# My Custom Whizzer Project



## pedal4416 (Feb 4, 2010)

Hi, 
Just wanted to share my whizzer project. Its a Rebuilt Model H engine with a NOS tank on a customized 52? Columbia frame. I laced the back wheel up with 105 gauge spokes to a Schwinn High-flange drum brake hub and a double wall Araya chrome rim. I have the matching front hub (fully restored) and I will use the same rim and spokes. Im not using that fork or bars they're just temporary. Hopefully I can get this on the road by spring!












And here it is hooked up to my other project, a custom Radio Flyer wagon-bike trailer with Schwinn OCC wheels


----------



## jwm (Feb 4, 2010)

Very cool.

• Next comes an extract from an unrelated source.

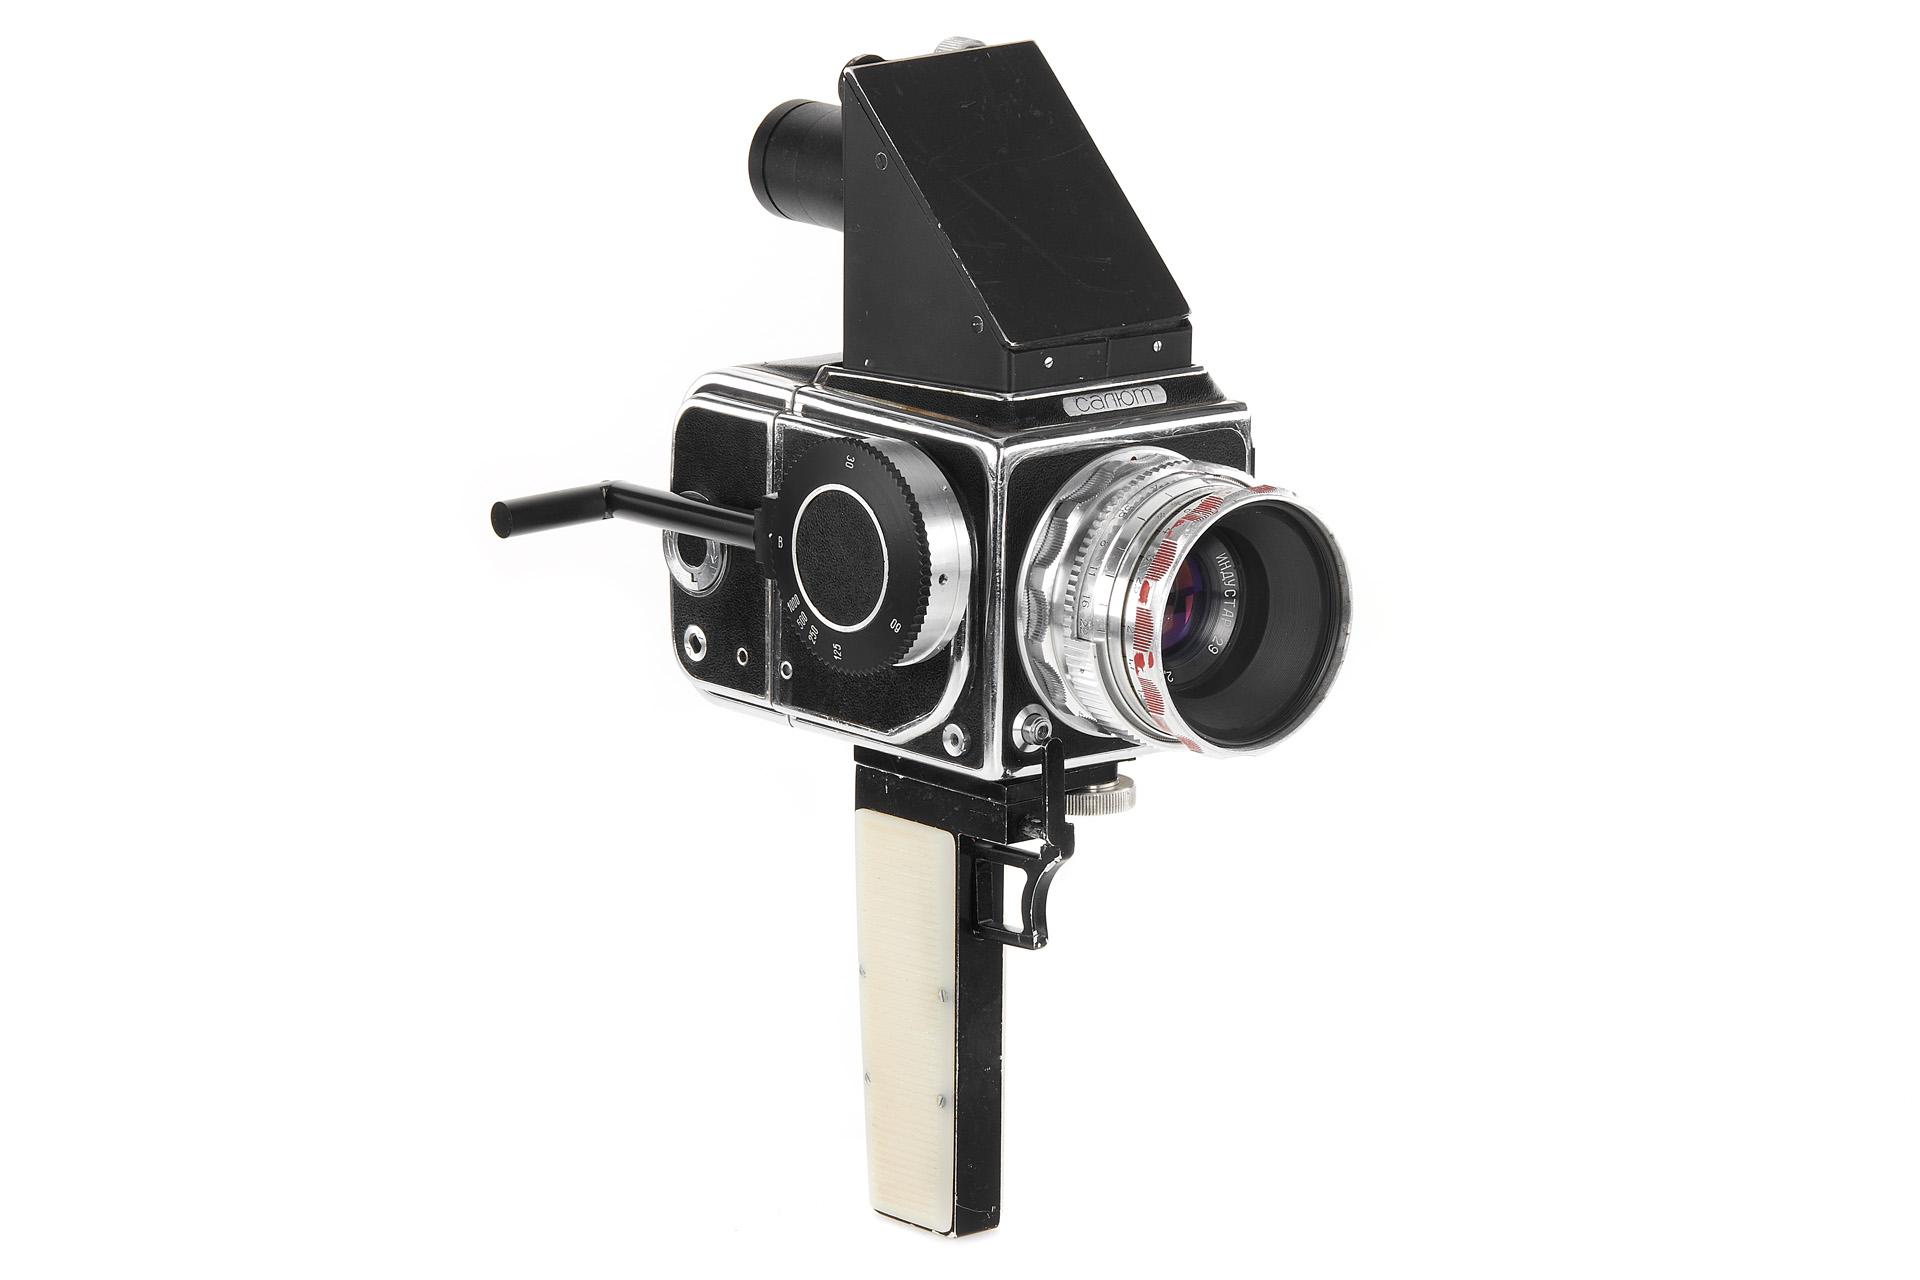 Salyut 1W camera (Pic: Leitz Photographica)

Are you going to keep the bars in that board track position? I like the look. When I was a kid everyone was tilting their bars up as high as they could go. I always had mine turned down for that streamlined look.

JWM


----------



## pedal4416 (Feb 4, 2010)

I was going to make a board track whizzer, i even have white felt tires for it, but i decided to stay more period correct and go more for a late 40's racer look. i think i will use whizzer sportsman bars. the bars on it now are velo orange hipster style bars. they make perfect board track bars.


----------



## AntonyR (Feb 20, 2010)

Could you take a close-up picture of the seat frame and mount? I really like from what I can tell, the way you mounted it.


----------



## pedal4416 (Feb 20, 2010)

Ill take some pics tonight


----------



## Goldenrod1 (Dec 14, 2014)

Do you know about dimpling (crushing in two locations) the frame?  The belts must clear the frame and not rub.  We have a guy in Illinois who does this.   Schwinn made special (WH) frames for Whizzers so that the chain, wheel, belt and frame all miss each other.


----------



## pedal4416 (Dec 14, 2014)

SchwinnSpangler said:


> Do you know about dimpling.




Yes, I do it all myself. I sold this one, but it was s nicely done frame. The only thing I had left to do was welded motor mounts.

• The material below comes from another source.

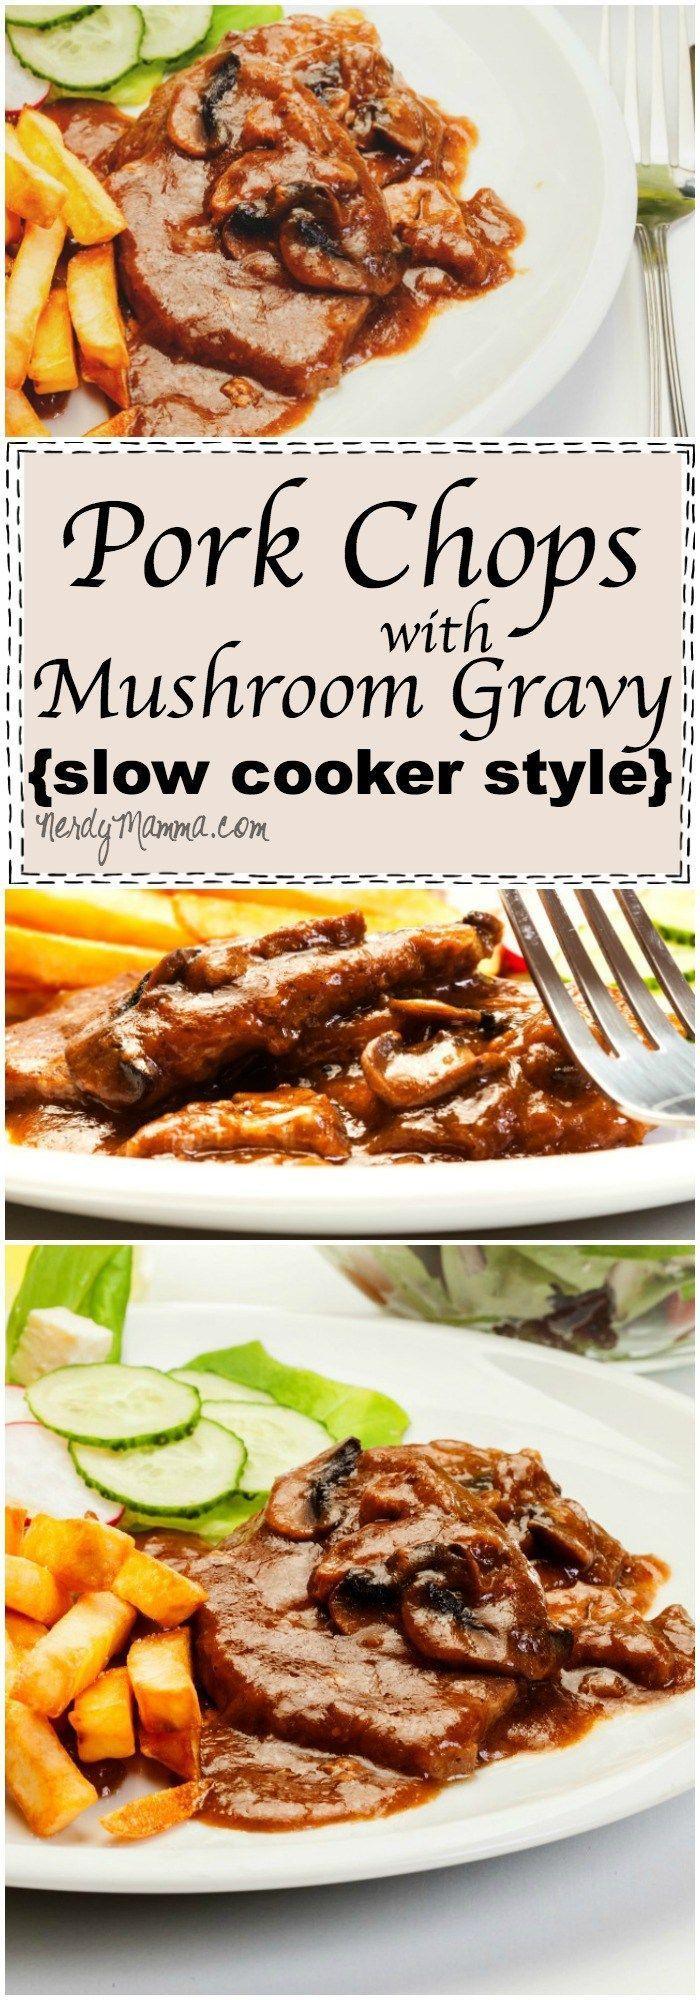 Pork Chops with Mushroom Gravy (Slow Cooker Style) | Recipe | Mushroom ...

 I'm working on a Whizzer special right now, that one has factory dimpled frame and factory welded motor mounts.


----------



## AntonyR (Dec 15, 2014)

Holy thread revival!
I forgot that I even commented on this way back when. Anyway I know someone who has a real dimpler. Its a little hand held press that is a half moon shaped mandrel kinda thing. You surround the frame tube with one part, you put the presser part against the spot where you want to have belt clearance and you tighten a bolt on each side until its compressed enough to your liking. Understand, it all depends on the frame you're using. Not all dropouts need dimpling, it depends on the curvature. Some frames clear easily. I used it on a '41 CW frame and it looks like it was meant to be there. It's a nice black powder coated frame that is just hanging from the rafters if someone is interested.


----------